Discriminations - CV anonyme : “insuffisant, mais nécessaire"

Par - Le 01 janvier 2011.

“Au-delà des accords collectifs, les organisations syndicales peuvent faire prévaloir des principes et allumer des contre-feux pour éviter un certain nombre de dérives", a déclaré Jean-François Amadieu, professeur à l'Université Paris I Panthéon-Sorbonne et directeur de l'Observatoire des discriminations, en préambule de son intervention lors d'une table ronde sur le thème “Agir contre les discriminations et promouvoir la diversité dans le monde du travail", organisée par l'Unsa le 15 décembre.

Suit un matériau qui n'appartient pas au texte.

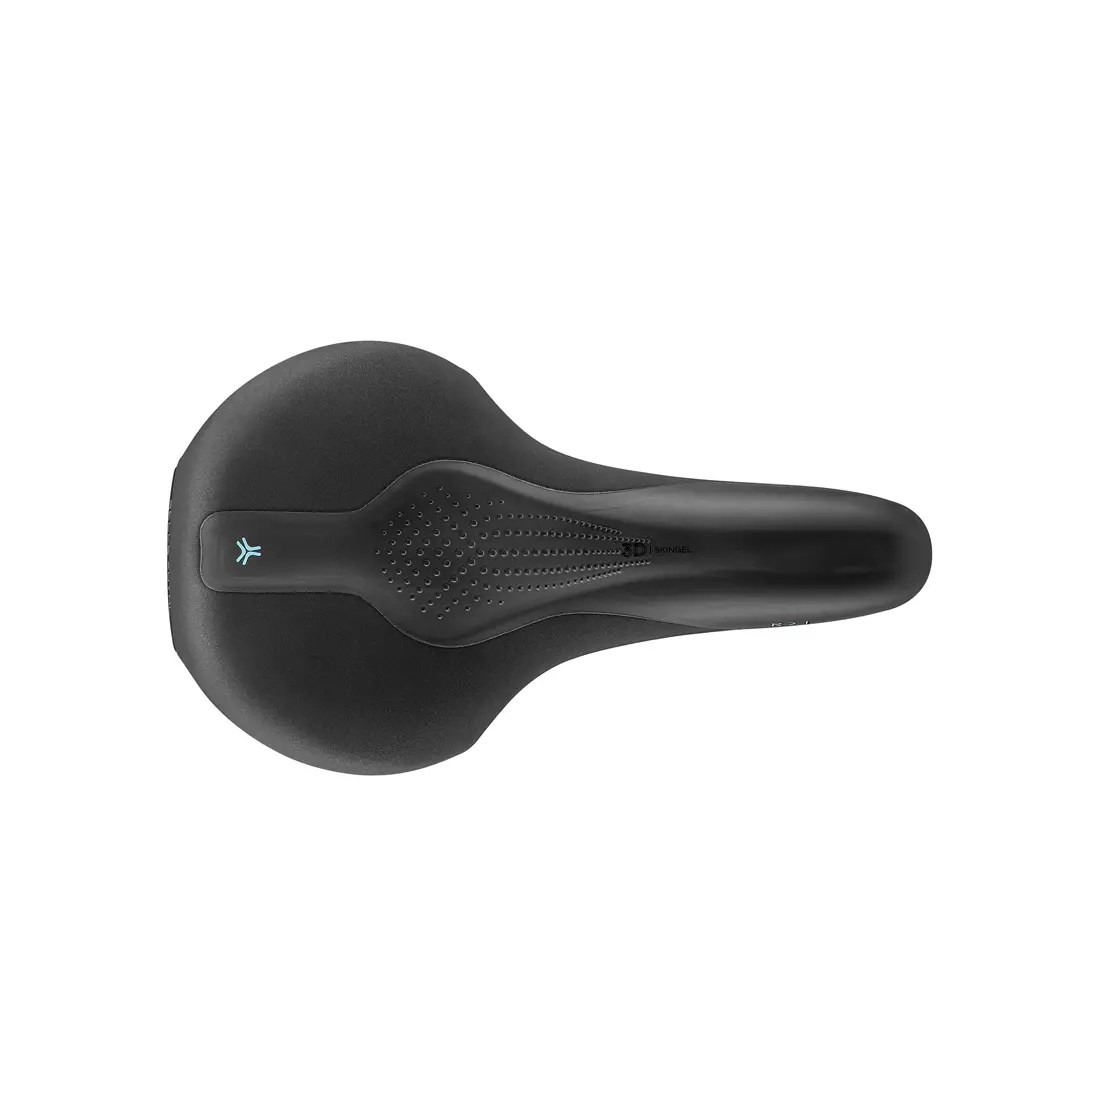 Bicycle saddle SELLEROYAL SCIENTIA RELAXED R1 SMALL 90st. gel + elastomers unisex SR-54R0SB0A09210
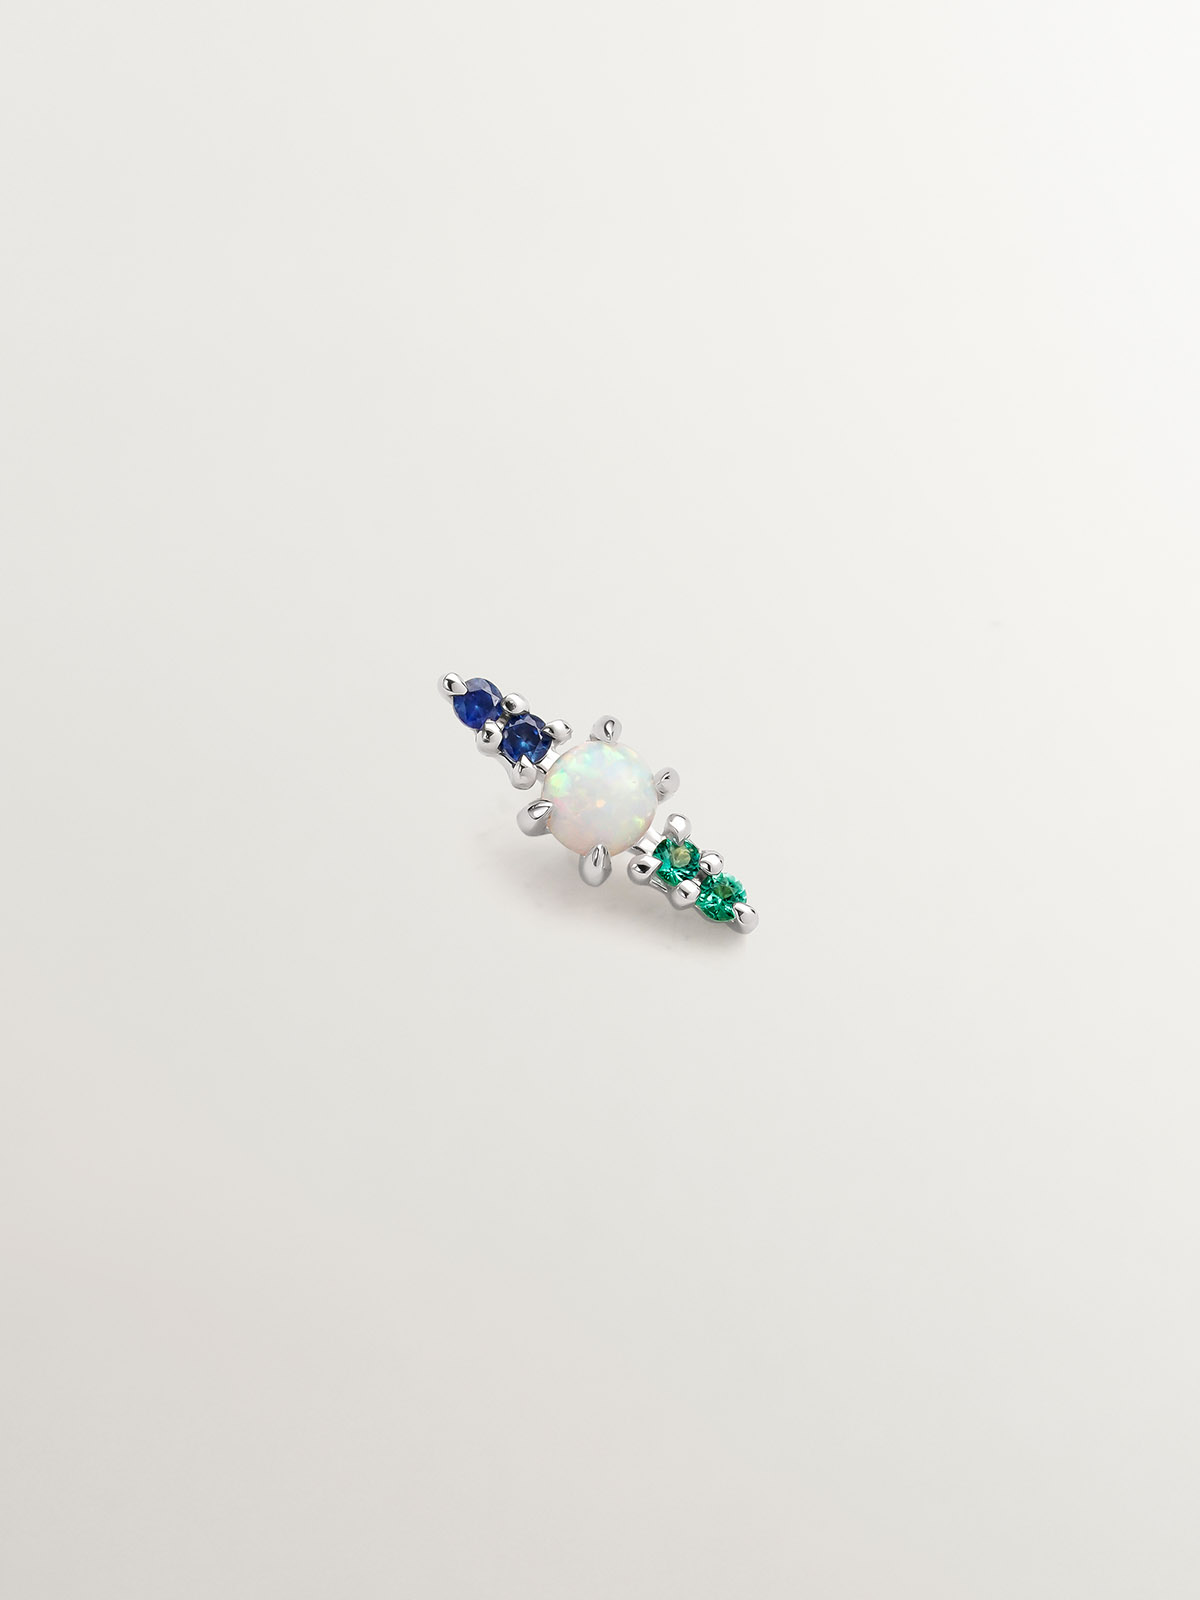 Individual 18K white gold earring with lab grown turquoise opal, blue sapphires and emeralds.

Première arme antidiscrimination à l'embauche : le CV anonyme. Défenseur de cette initiative, Jean-François Amadieu estime inutile l'expérimentation en cours. “Il est absolument certain, sans aucune contestation possible, que si vous mettez sur un document, quel qu'il soit, un patronyme, une photo, le genre d'une personne, le nombre de ses enfants ou toute autre information, cette seule information fausse l'appréciation et conduit à une discrimination", a-t-il martelé. Supprimer cette information au stade du tri des CV permet de supprimer ce “biais". Mais cela ne suffit pas, pour Jean-François Amadieu. Si l'entreprise maintient les entretiens subjectifs, au lieu de mises en situation ou de tests, cela ne changera rien au final. D'ailleurs, le CV contient d'autres informations – les libellés précis des diplômes, les expériences et les stages – qui dévoilent le candidat. Alors, s'il est impossible de se prémunir de toute dimension subjective lors d'un recrutement, faut-il pour autant s'affranchir de tout contrôle ? “Au regard d'un objectif de promotion de la diversité, il est difficile d'abandonner toute référence objective." Prenant comme exemple les classifications, Jean-François Amadieu a ajouté : “Le fait que l'employeur soit contraint par un minimum de données objectives, qui freinent sa latitude à recruter ou à verser tel ou tel salaire en toute subjectivité, est plutôt un progrès social..."
B. D.

De la mesure

Alors que le Comité Héran pour la mesure et l'évaluation des discriminations et de la diversité [Présidé par François Héran, directeur de l'[Institut national des études démographiques[/footnote]. prépare une étude sur les pratiques des entreprises en la matière pour ce début d'année 2011, Jean-François Amadieu, directeur de l'Observatoire des discriminations, s'est inquiété des résultats, lors de la table ronde organisée par l'Unsa le 15 décembre. “Si les entreprises mesurent la discrimination, c'est très bien. En réalité, je n'ai pas l'impression que nous allions dans cette direction", a-t-il déclaré, rappelant que le “label diversité" n'impose aucune mesure contraignante. “Je crains que nous soient proposés des bilans qui consisteront à mesurer des compositions de la population, des proportions : ce serait une mesure de la diversité, et pas de la discrimination. Or, ce sont deux choses complètement différentes. Même une faible proportion de minorités visibles ou de femmes ne prouve pas une discrimination", a-t-il affirmé.